Время было горячее, часть готовилась к большим учениям. Поэтому Лазарева вызвал к себе капитан Чекрыгин. Трофима охватило то томление духа, когда человек понимает и справедливость предстоящего наказания, и глубоко личную обоснованность проступка. Экипаж Лазарева мог подвести всю часть.
Узнав о вызове к командиру, Попов, подчиненный Трофима и его наперсник, которому Лазарев, ничего не скрывая, как говорят, плакался в жилетку, постарался ободрить друга:
— Ты, Трошка, расскажи Чекрыгину все как есть.
— Семейные дела не оправдание плохой службы. — Надо ему все рассказать.
— На жалость бить?
— Ну вот… Не на жалость — на сочувствие.
— Что мне с сочувствием делать? Слезки им утирать? — зло ответил Лазарев. — Ты скажи еще — письма из дома показать.
— А что! Думаешь, не поймет?
— Понять-то поймет. А что он сделает? Один день губы скинет.
— Мрачный ты человек, Трошка. Ты слышал хоть от кого, чтоб Чекрыгин в деле не разобрался, наказал понапрасну?
— Отпуска он мне не даст.
— А ты, мол, «виноват, исправлюсь». Ты ж ведь не потому дело запустил, что не осознаешь, а… ну, силенок на все не хватает. Право, дай почитать Чекрыгину письма.
— Нет.
— Возьми с собой. Там видно будет.
— Они всегда со мной.
— Вот и хорошо.
Начался разговор Трофима с капитаном Чекрыгиным как-то сбивчиво, и Лазарев не запомнил ни слова. Однако дальнейшая беседа запечатлелась в памяти по сей день.
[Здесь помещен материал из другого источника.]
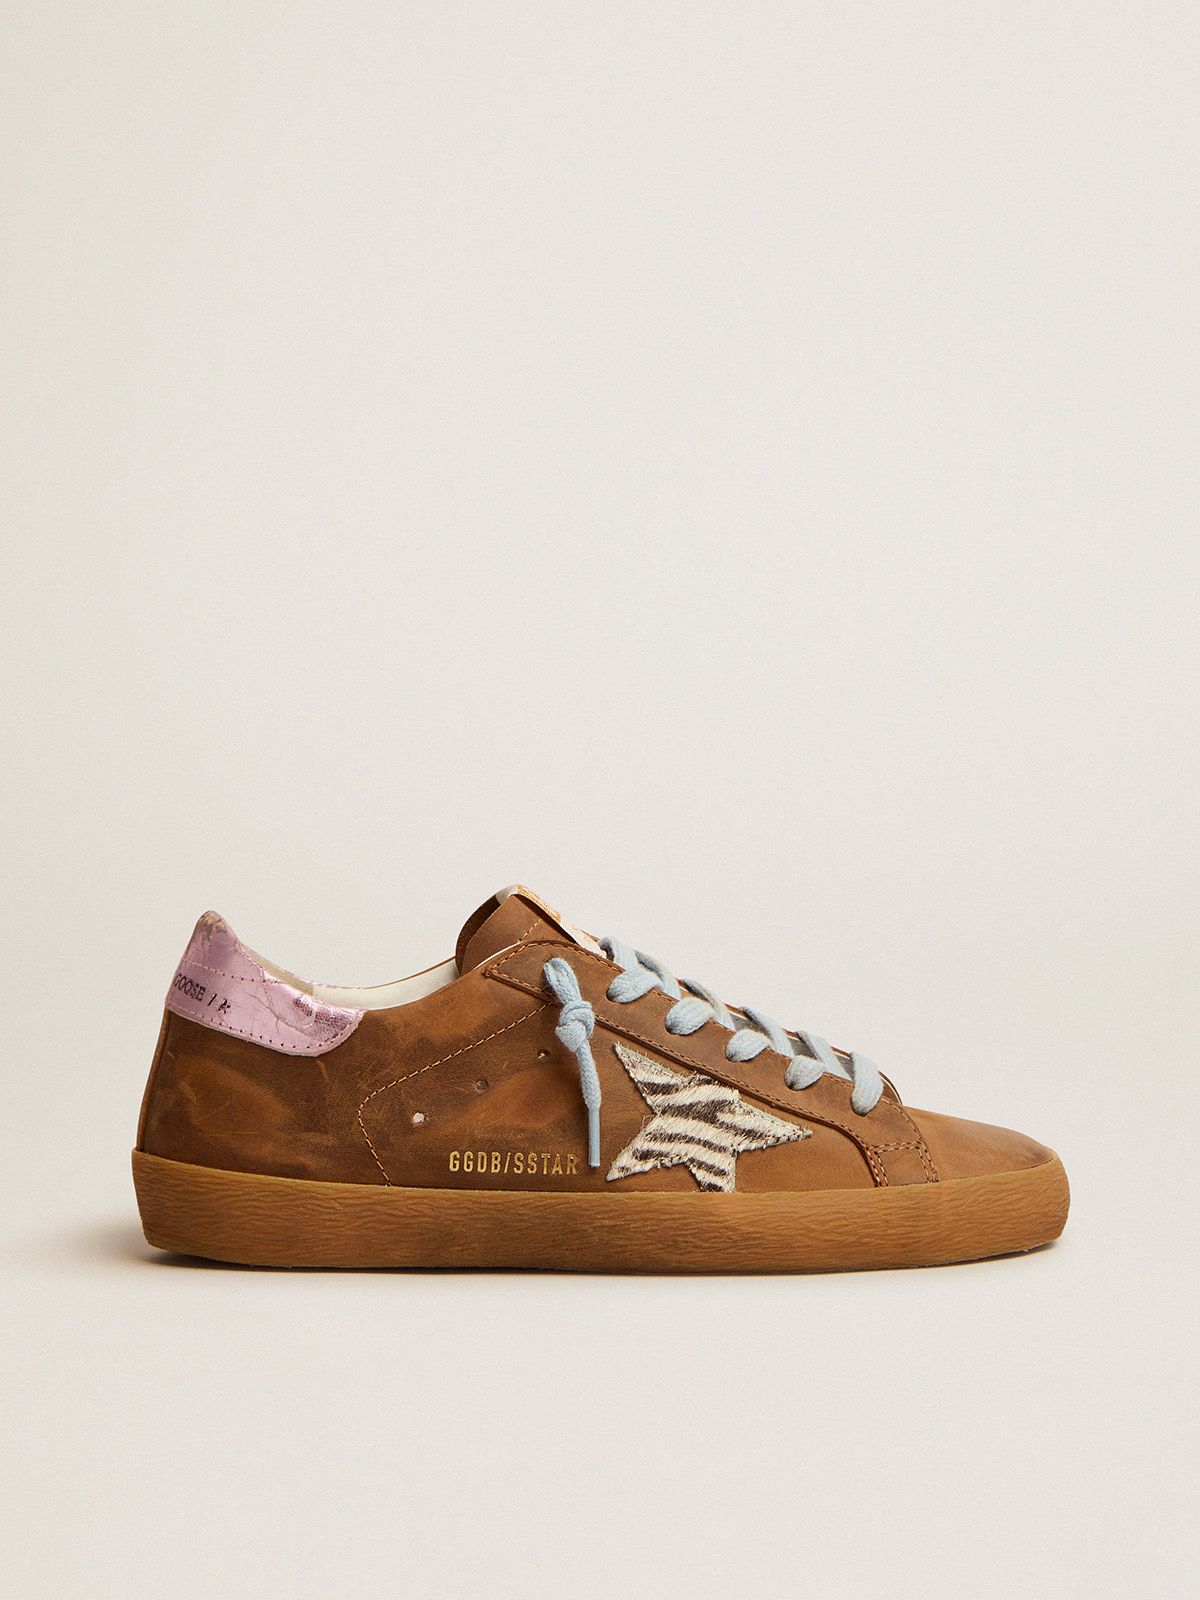 Sneakers Uomo Golden Goose Super-Star sneakers in brown waxed suede with a zebra-print pony skin star

И фраза, с которой пошел откровенный разговор, была вроде бы зауряднейшей.
Правда, перед этим Трофим объяснил капитану суть дела и даже полез было в карман за письмами. Но капитан Чекрыгин жестом остановил его, сказав:
— Верю вам, Лазарев. Начали вы службу неплохо… Докажите и теперь, что вы мужчина, — добейтесь отпуска. Заранее могу обещать свою поддержку. Подтянитесь, проявите себя на учениях — поезжайте. Что до писем, сам такие получал. Было, сержант Лазарев…
А потом капитан Чекрыгин сказал:
— Отпуск могу предоставить на основании рапорта вашего непосредственного командира.
— Я напишу, что приеду.
— Хотите меня послушать? — Отчего же нет…
— Не обещайте.
— Вы не верите мне? Не верите, что добьюсь отпуска? — Наоборот.
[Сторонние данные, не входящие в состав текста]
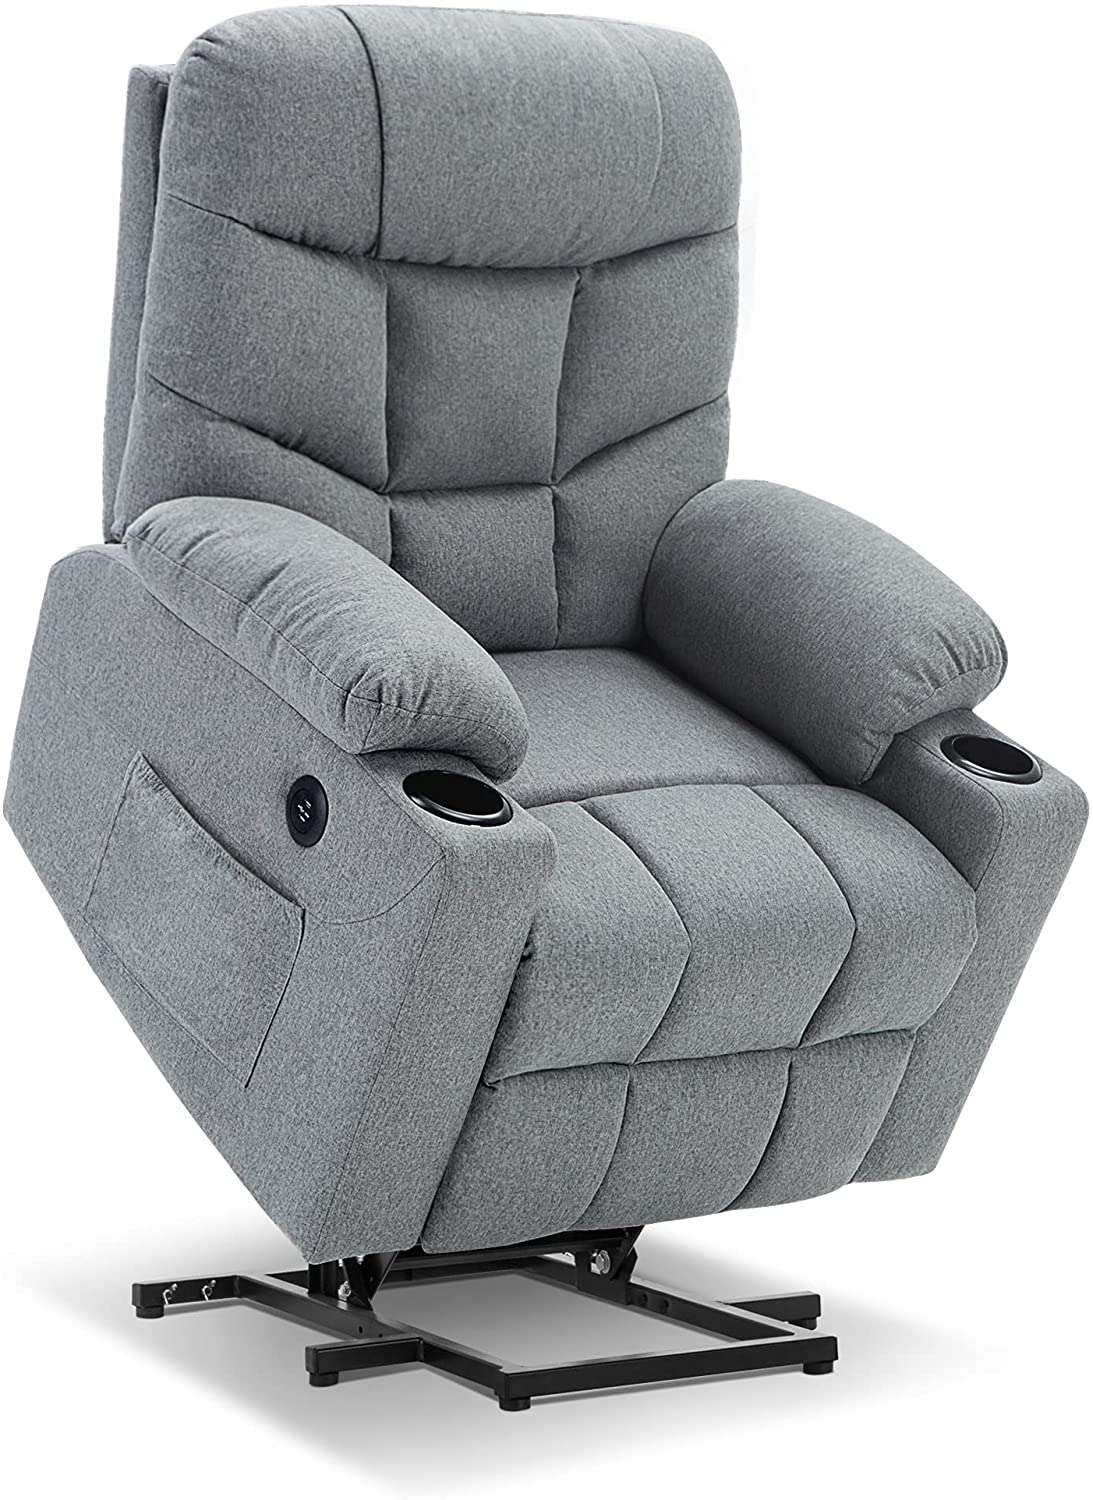 mcombo electric power lift recliner chair sofa for elderly

— Почему же тогда не написать?
— Если я скажу: мол, вы плохо знаете людей и свою маму в частности… и свою жену тоже, вы можете обидеться.
— Тогда я олух, потому что не понимаю и вас, товарищ капитан.
— Торопливое суждение. Кроме «да» и «нет», есть определение «в чем-то» и «потому что».
— И вы знаете, «в чем» и «почему»?
— Может быть, догадываюсь.
— «Может быть»… — протянул Трофим разочарованно.
«Может быть» его совсем не устраивало. Он хотел знать все происходившее в доме точно, и сейчас же, не откладывая. Иначе какая же жизнь его ждет завтра, послезавтра, через неделю? Верчение под одеялом с вечера, когда после трудного солдатского дня кажется, что стоит донести голову до подушки, и сон, что тьма, навалится на тебя, а на самом деле подушка, словно болтунья-сплетница, начнет шептать — шептать про Нину, про соседского Витьку, которому при одном воспоминании о письмах матери хочется набить морду. Какой тут сон! Ну, сморит наконец усталость, а следующей ночью снова вертишься, тычком поправляешь подушку еще, еще раз, словно она-то, ватная, виновата.
Утром встаешь злой на весь мир и больше же всех на себя самого. Свет не мил. Однако служба не ждет. А тут — «может быть»…
— Давайте порассуждаем, — предложил Чекрыгин. — Сколько лет вашей матери?
— Под шестьдесят вроде.
— А точнее?
Подумав, Трофим признался:
— Не знаю. — И ему стало очень неловко.
— Постарайтесь припомнить.
Лазарев прикинул. В семье он самый младший. Мать, помнится, старшего брата родила в сорок первом, осенью, а вышла она замуж перед войной, и было ей двадцать.
— Двадцатого года она, — быстро отрапортовал Трофим.
— Староватой вы ее считаете, Лазарев. Ей едва пятьдесят минуло.
— Выглядит так…
И они оба рассмеялись.
— Маленькая она, платок на лоб повяжет. Совсем старуха.